Under the Pact, Setrums agreed to never engage directly with the realm of Senedro. No more walking the lands, no more cosmic cameos. They'd stay in their sky-fortresses or wherever it is celestial creatures go to sulk. The Viejo, in return, would move—far east, beyond the veil of the known world, to the edges of existence. Think of it like magical mutual exile.

Deliah's mother? Yeah... she didn't get to stay. She was one of the last known Viejo worshippers, and that meant she had to go. The Viejo took her when they left—whether it was mercy or insurance, no one could say. The terms were brutal: no seed of the Viejo shall remain in Senedro. They erased every trace. Or... so they thought.

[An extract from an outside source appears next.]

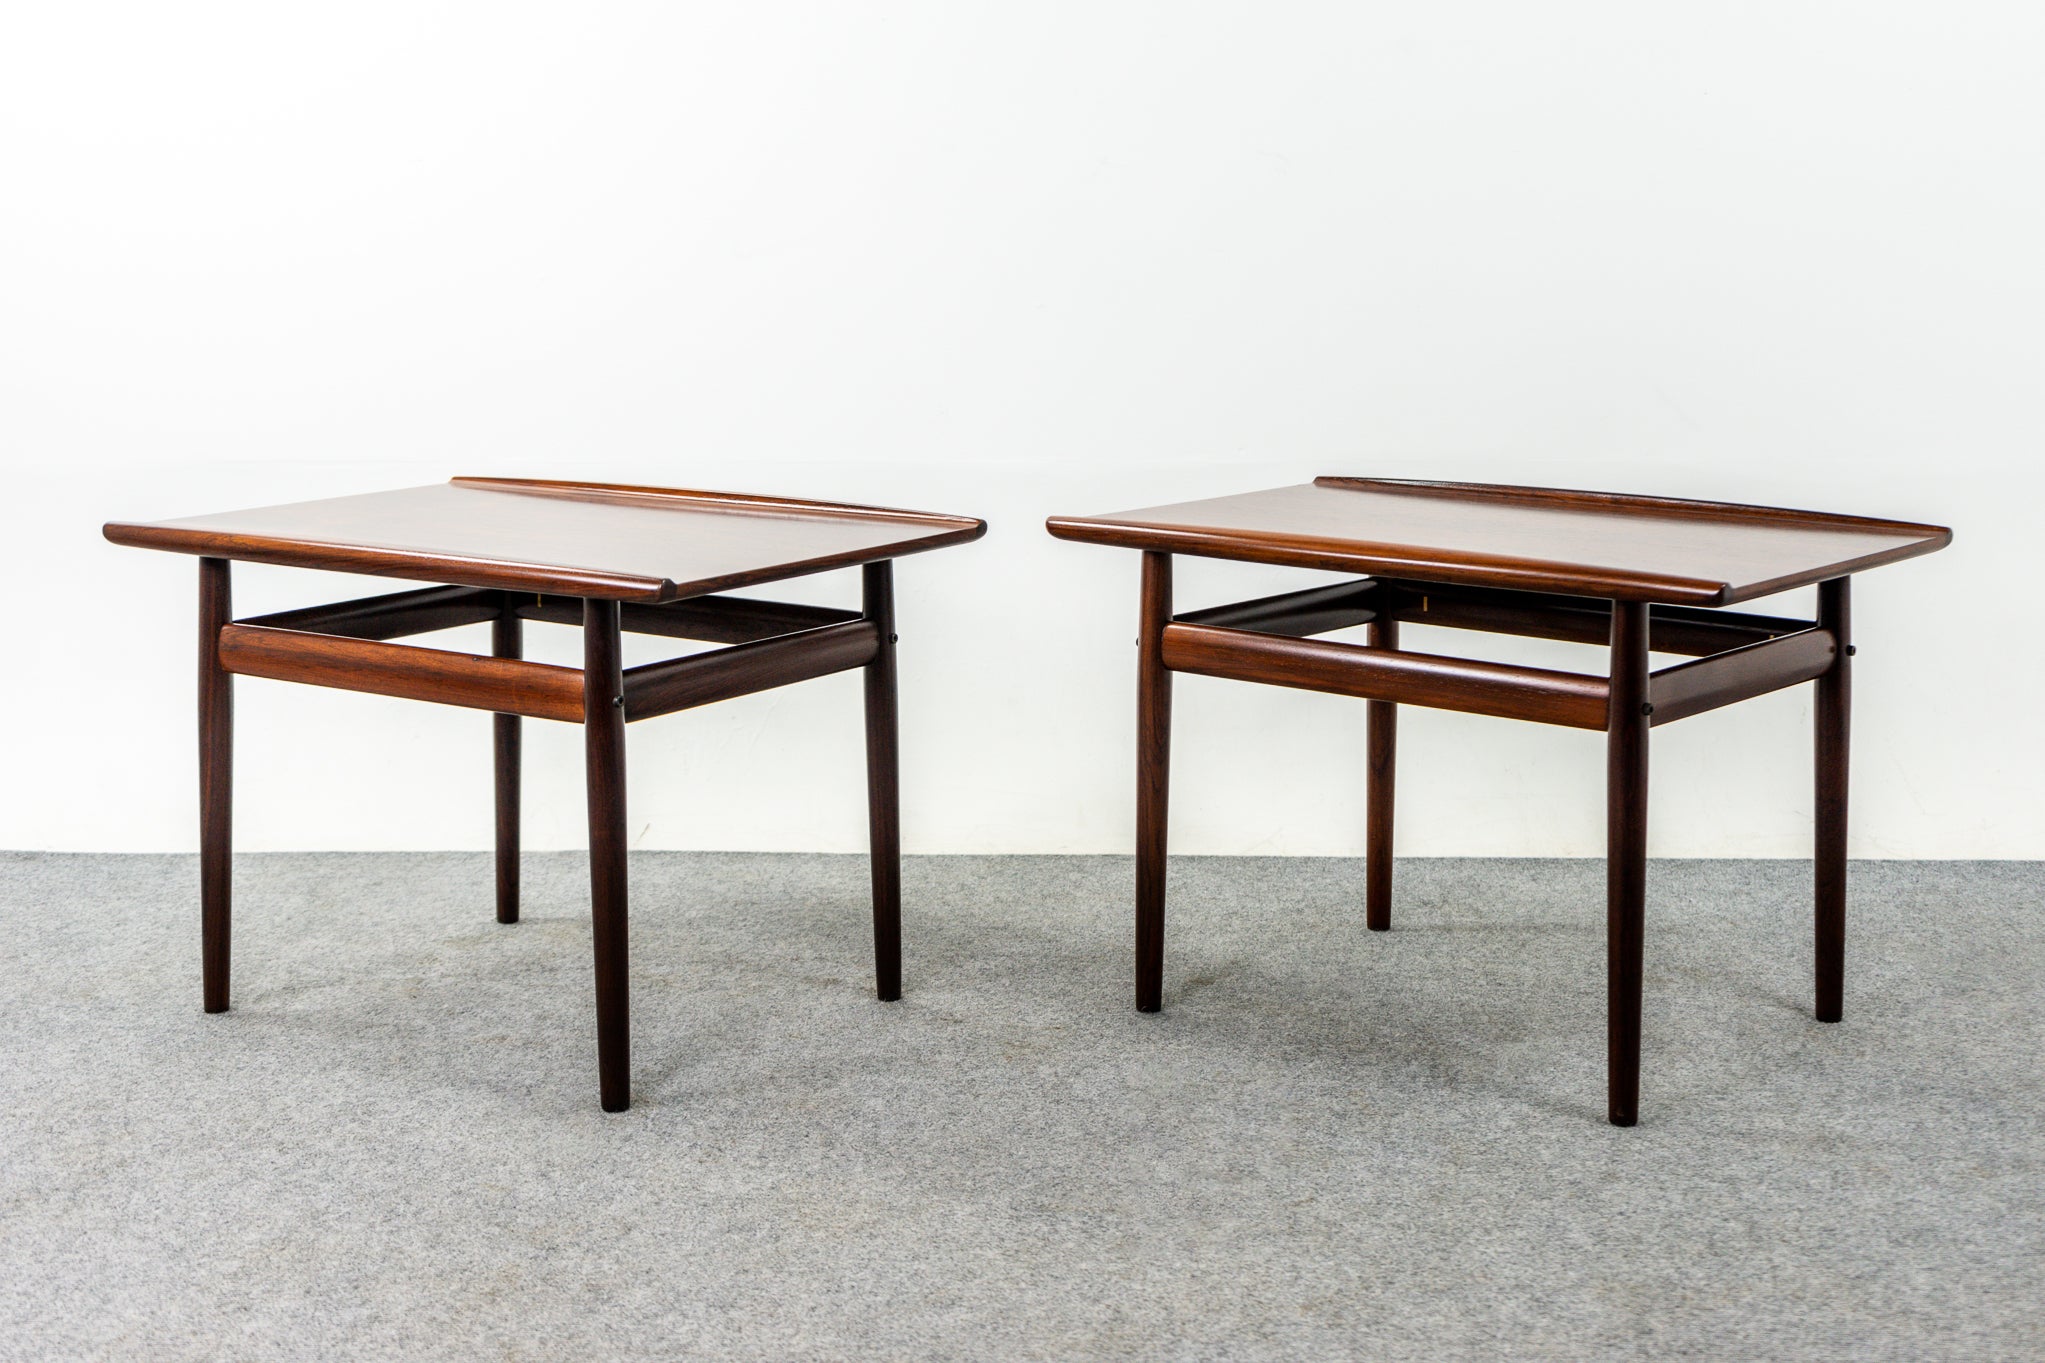 Pair of Mid-Century Modern Rosewood Side Tables, Svend A. Eriksen for Glostrup

But Deliah—oh, Deliah—wasn't just any leftover. She could see the future. She could heal with a touch. That wasn't witchcraft, no matter what the people whispered behind her back. That was heritage. And deep down, everyone in Senedro feared what she might become. So they slapped a label on her. Witch. Easy to fear. Easier to dismiss. Deliah, though, wasn't interested in revenge. She played the long game. Quiet. Sharp. Strategic.

And when Fien started slipping, Deliah chose a different horse: Gideon. She saw strength in him, steadiness, a kind of cold logic Fien lacked in her thirst for conquest. She helped him rise. Gave him visions. Gave him allies. Pulled strings Fien didn't even know existed. She was the real power behind Gideon's throne.

And the best part? Fien had no idea.